• DATA LISTING:
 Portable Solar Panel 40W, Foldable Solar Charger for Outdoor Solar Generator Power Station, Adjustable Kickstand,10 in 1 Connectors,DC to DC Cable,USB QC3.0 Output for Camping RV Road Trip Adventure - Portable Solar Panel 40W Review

* * *

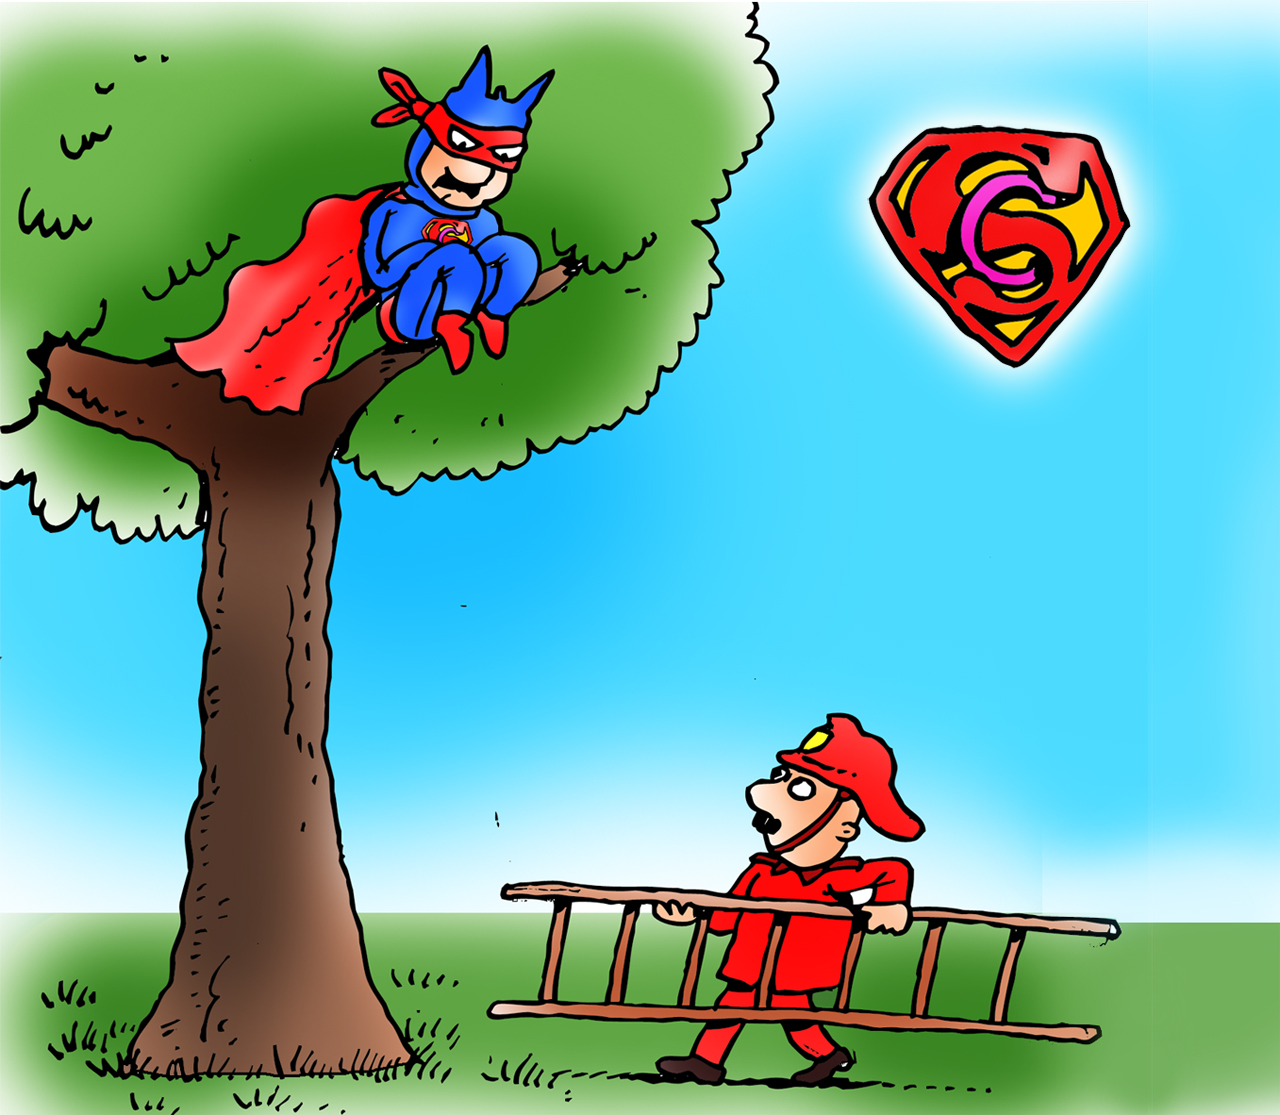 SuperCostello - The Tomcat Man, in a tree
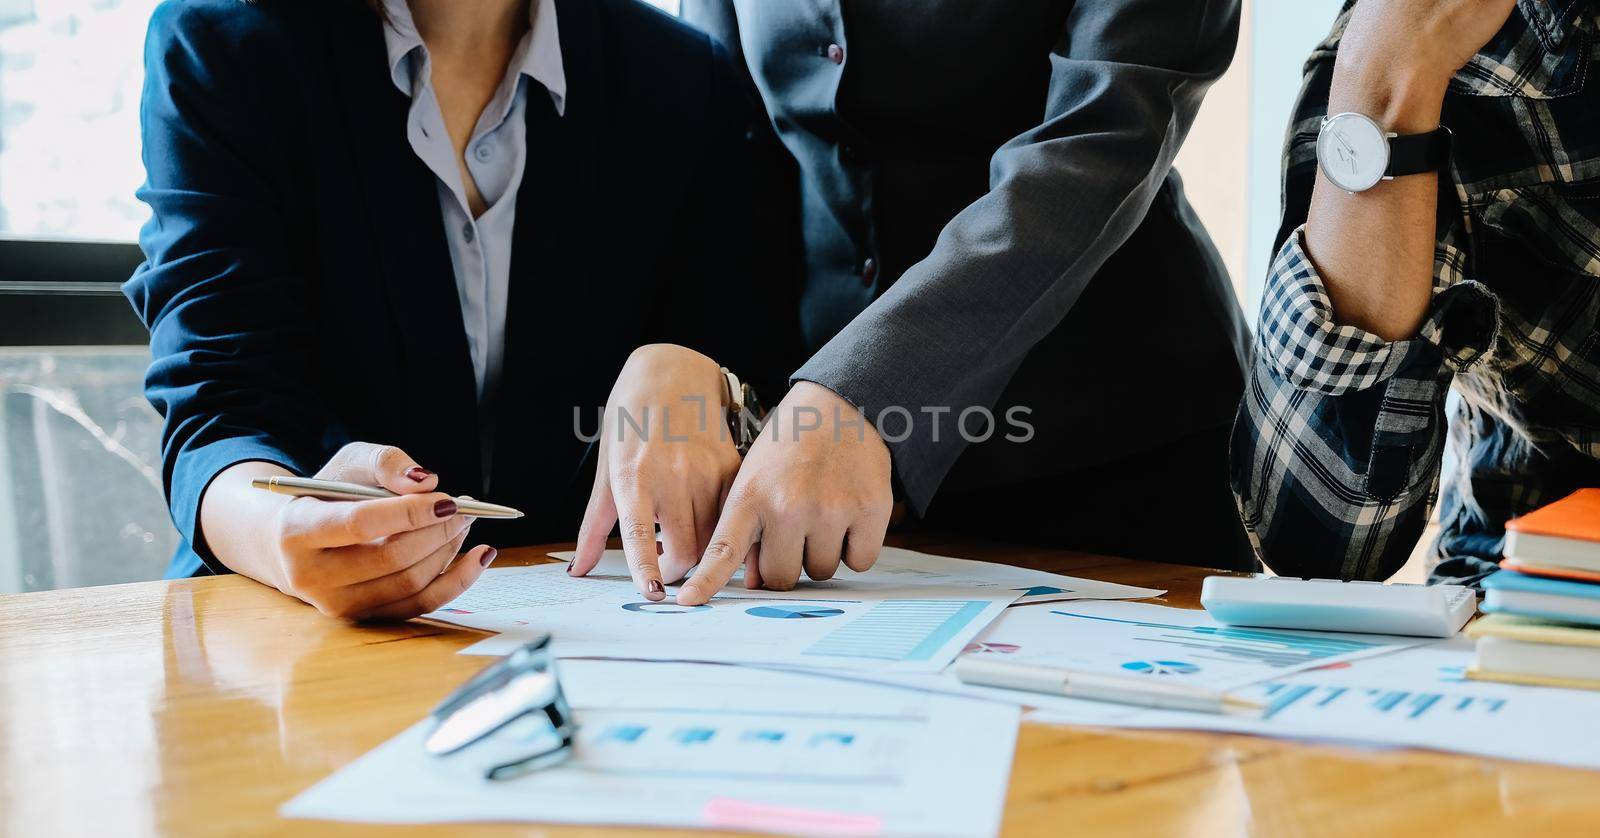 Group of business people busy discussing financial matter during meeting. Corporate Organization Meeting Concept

• REQUIREMENT:
Reproduce exactly the lines above that run from the one with "SuperCostello - The Tomcat Man, in a tree" to the one with "Group of business", both included, leaving pictures out.

• RESULT:
 SuperCostello - The Tomcat Man, in a tree
 Group of business people busy discussing financial matter during meeting. Corporate Organization Meeting Concept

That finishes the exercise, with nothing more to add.